- Also known as: Binky McKenzie
- Born: Michael Keith Winston McKenzie 1947/1948 British Guiana
- Genres: Jazz, blues
- Occupation: Musician
- Years active: 1960s

= Binky McKenzie =

Jazz/blues musician who killed his parents (born 1947/8)

Michael Keith Winston "Binky" McKenzie is a former musician. During the 1960s he played and recorded with several musicians such as Alexis Korner, John McLaughlin, Pete Brown, Denny Laine, Vincent Crane and Duffy Power. In 1972 he was convicted for the manslaughter of his parents and brother-in-law and detained at Broadmoor Hospital.

==Early life==
His parents were UK immigrants from Guyana, formerly British Guiana. Accompanied by his mother Edna, he arrived in the UK from British Guiana on 18 April 1950 as a two-year-old infant. His father, Winston McKenzie, was a jazz bass player.

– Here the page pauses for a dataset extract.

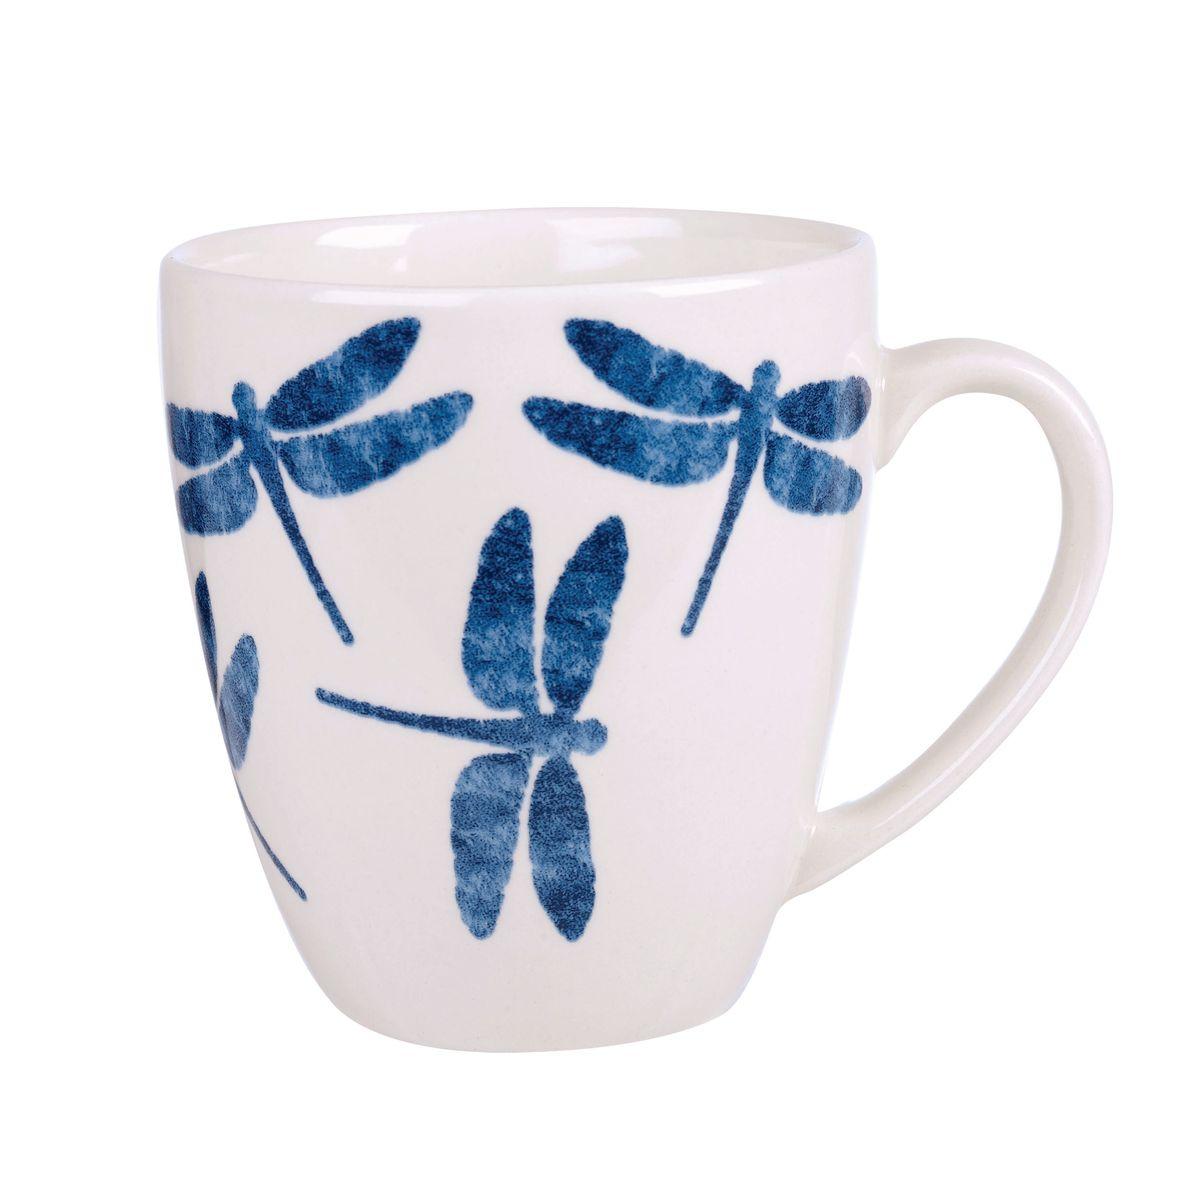 Кружка Churchill Стрекоза, 500 мл. COUT00851COUT00851Коллекция Сиена отражает Скандинавский стиль. Этот стиль отличается своей простотой и минимализмом, синий орнамент на белоснежном фоне. Материал: фаянс Можно мыть в посудомоечной машине Можно использовать в микроволновой печи

His sister, Candy McKenzie, went on to have a successful music career as a backing singer and recorded with a number of artistes including Bob Marley, Leonard Cohen, Whitney Houston and Diana Ross.

==Career==
In late 1966, McKenzie joined Hughie Flint as a member of Alexis Korner's short-lived band Free at Last, replacing Cliff Barton on bass guitar. On 31 January 1967, at Philips Studios, Marble Arch, London, the trio recorded "Rosie," which was released as a single on the Fontana label in April 1967 (TF 817). Flint remembered McKenzie as "an amazing guy, very young and undisciplined".

In the mid 1960s, McKenzie became friends with John McLaughlin. In January 1967, they played together on the Duffy Power composition "Just Stay Blue". McLaughlin recommended McKenzie as a bass player to Miles Davis. McLaughlin composed the jazz blues number "Binky's Beam" as a tribute to McKenzie. It has an unusual 19/8 time signature and appears on McLaughlin's 1969 album Extrapolation. In the liner notes McLaughlin writes, “This is dedicated to Binky McKenzie, one of the greatest bass players."

During this period McKenzie was dating Anne Fraser, sister of Andy Fraser, who went on to become the bass player and songwriter with the group Free. McKenzie would often visit the Frasers' home in Horndean Close, Roehampton, London. Fraser would leave his own bass guitar lying around the house in the hope that McKenzie would pick it up and play. Fraser always maintained that McKenzie had a significant influence on his own bass playing. In November 2014, Andy Fraser said of McKenzie:“He was an incredible bass player. And when I say incredible, I mean incredible. He was like the next Jimi Hendrix on bass. But he had some kind of chip on his shoulder and drugs seemed to make it worse. I would listen to him (at home) from the other room and learn all I could, absorb every little thing. He was literally a genius and he was playing with people like Alexis Korner, taking over from Jack Bruce, and he was like, wow, this guy is something else. His younger brother played guitar and both of them introduced me to lots of other musicians in their area, North London”
McKenzie also recorded sessions with Pete Brown during August 1967 and January 1968. These recordings are held in the archives at the British Library and include an early version of the track "Politician" which subsequently appeared on the Cream album Wheels of Fire.

Brown later recalled:
“I thought he was way ahead of his time. He had a bit of a chip on his shoulder, because at the time, black musicians had a hard time of it. The openings were so few, it didn’t matter how good you were. But he was such an innovator on the bass. Binky did drugs. Not much, just personal use. But his parents got very heavy about it and called the police in (during 1968) and Binky did time. When he came out of the ‘nick’ (prison), he was one very, very angry young man indeed.”

In 1969 McLaughlin also referred to this initial period of incarceration in the liner notes to Extrapolation, saying at the time he felt that Binky had been “unjustly jailed with his brother Bunny”.

==Siege at Olive Road==
On Thursday 29 July 1971 at the family home in Cricklewood, North West London, McKenzie went on a violent rampage. He killed his mother Edna, father Winston, and brother-in-law Richard Sims. All victims were stabbed multiple times. His younger sister Candy was also stabbed and seriously injured but survived the attack.

===Sentence===
At the Old Bailey in March 1972, McKenzie was found guilty on three counts of manslaughter on the grounds of diminished responsibility.